How technology could kill the art of lying

How technology could kill the art of lying

Lies are a fact of life. But technology may soon make them obsolete.

“Almost everybody lies now and then,” said Tim Levine, chair of the Communications Studies Department at the University of Alabama at Birmingham. “Most people are pretty good at it, in that you can’t tell when they are lying just by watching and listening to them.”

But our digital, data-hoarding culture means more and more evidence piles up to undermine our lies. “The research shows the way lies are really uncovered is by comparing what someone is saying to the evidence — and with all these news analytics that can be done, it’s going to enable lie detection in a way that was previously impossible,” said Levine.

Peoples’ data is already being turned against them.

In Pennsylvania, police are prosecuting a woman who claimed she was sexually assaulted earlier this year after data from her Fitbit didn’t match up with her story, according Lancaster Online. According to an arrest affidavit, data collected by the device showed the woman “was awake and walking around at the time she claimed she was sleeping,” the outlet reported. That, along with other evidence the police allege didn’t line up, led investigators to believe the woman knowingly filed a false report.

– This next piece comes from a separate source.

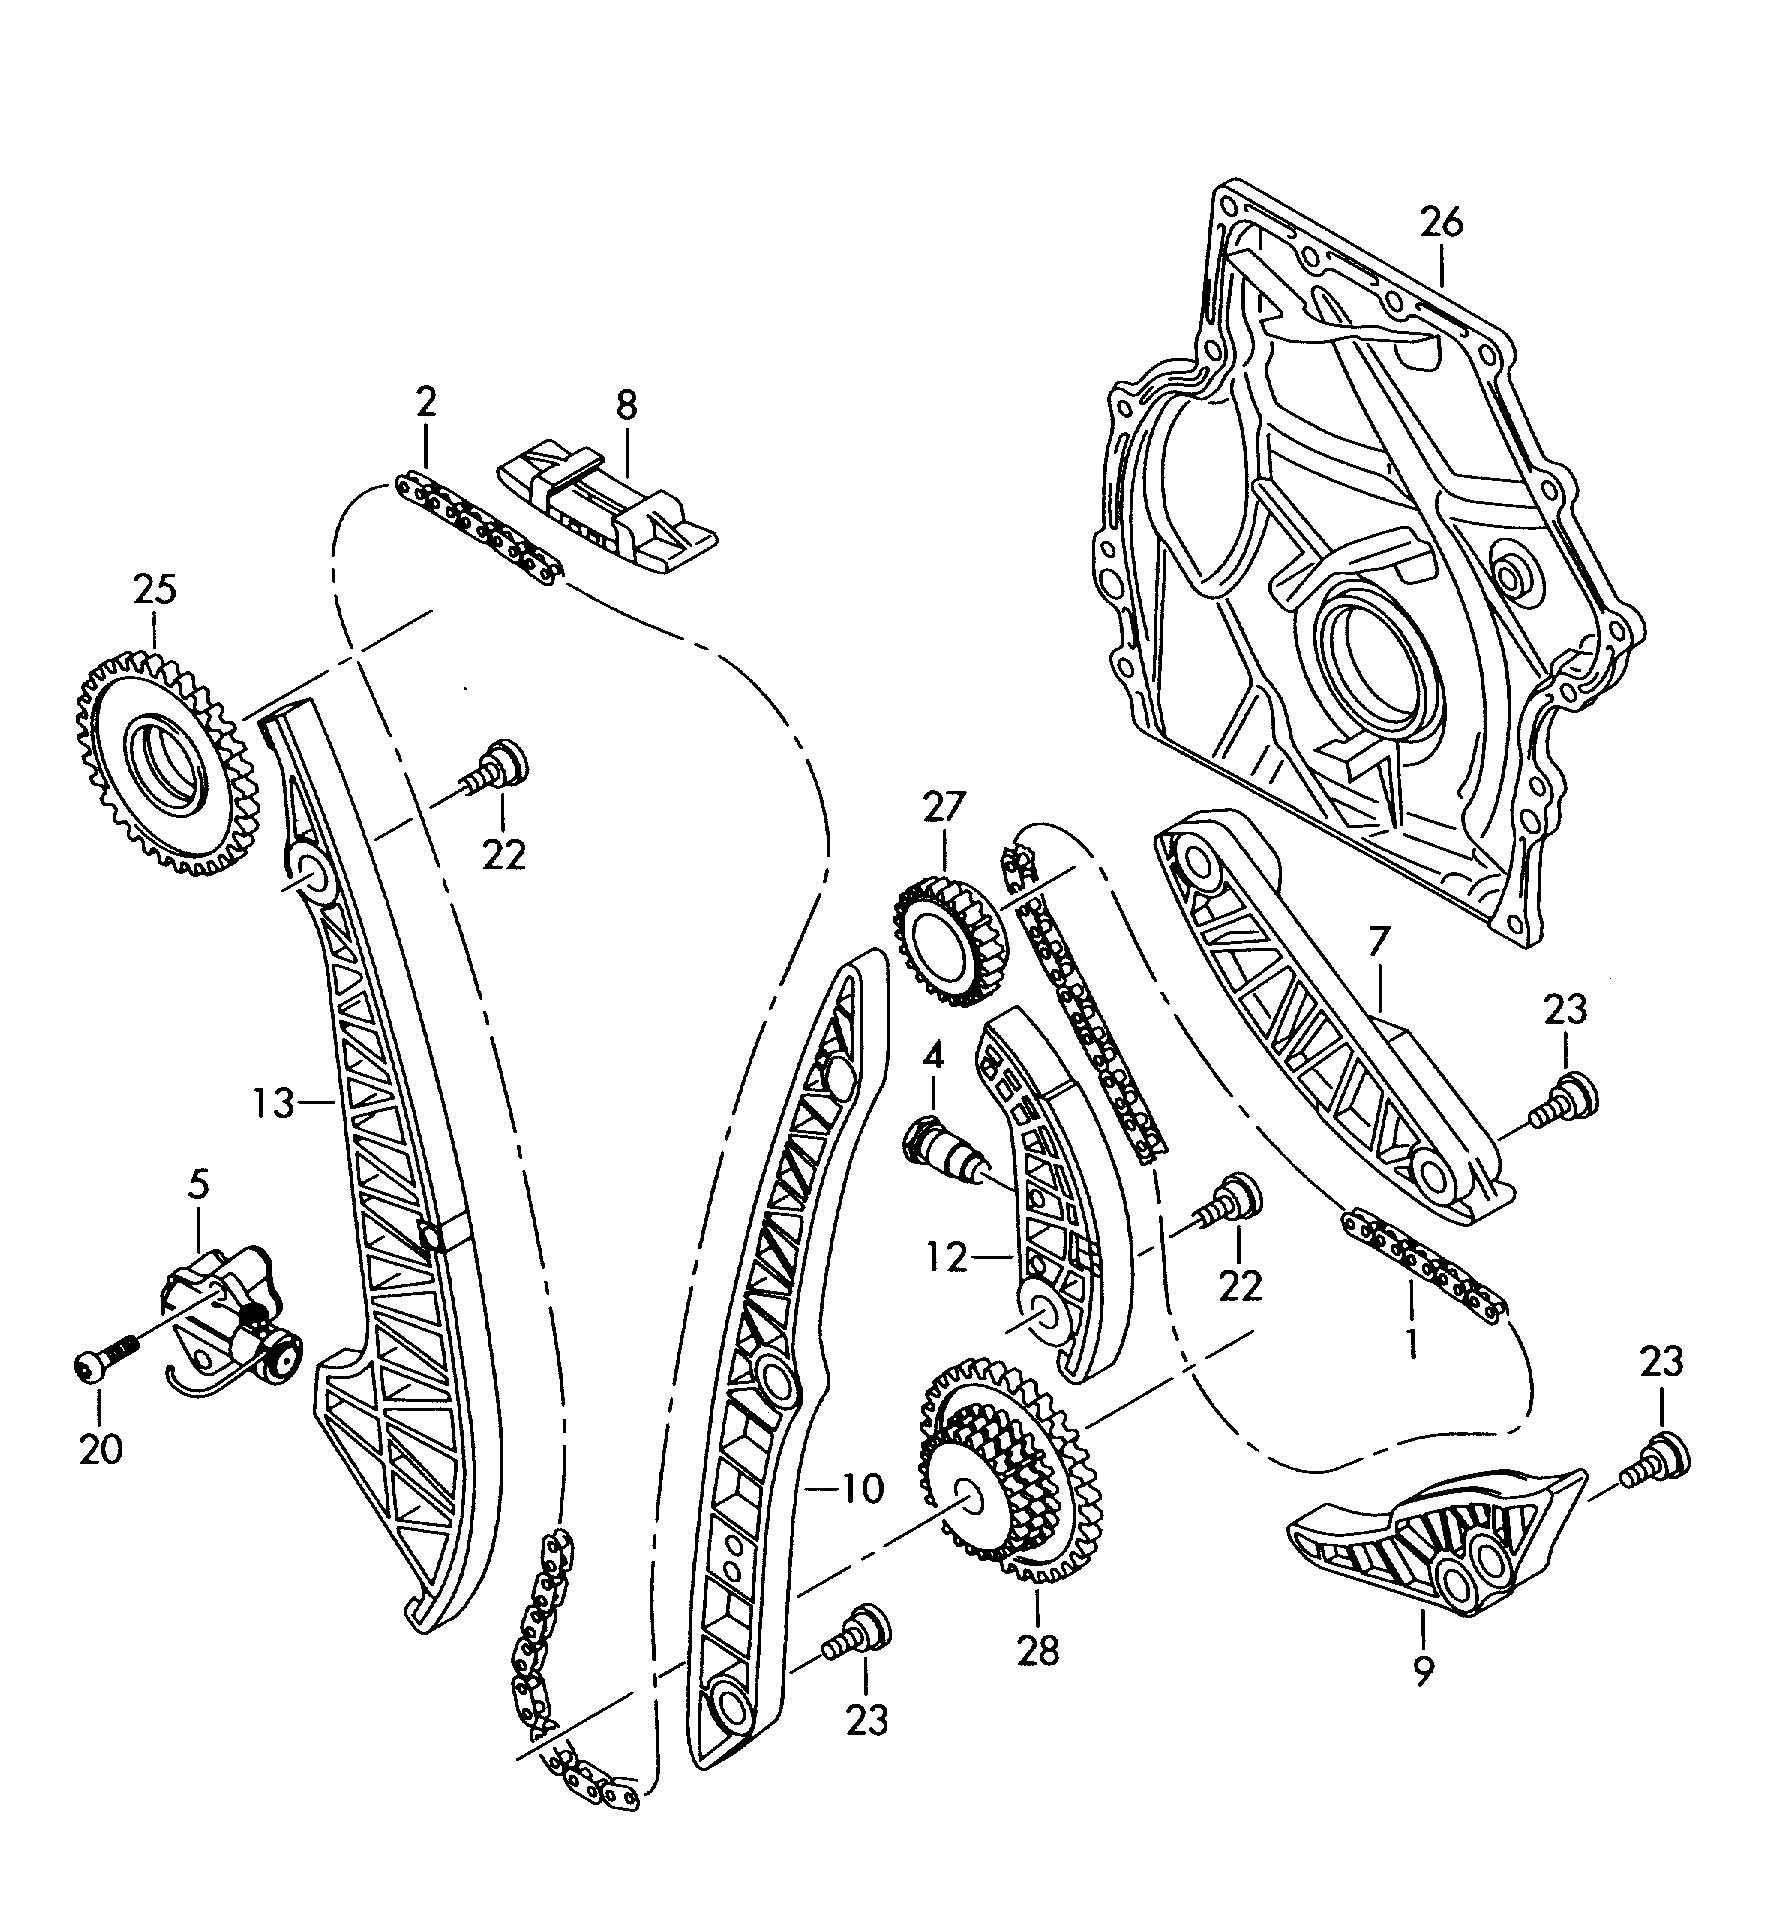 Volkswagen Passat Guide Rail Guide Piece Primary

But the full scope of how our increasingly networked and documented lives can catch deceptions can be hard to fathom.

Social media is one obvious component: Your boss will likely ask questions if you say you’re home sick, but get tagged in pictures from what looks suspiciously like a weekend getaway, for instance. In fact, insurance investigators have long tried to dig up pictures from Facebook that seem to contradict workers’ compensation claims.

And just like you can Google a fact to end an argument, instant messaging programs that archive digital conversations make it easy to look back and see exactly who said what — and if it matches up with what a person is saying now.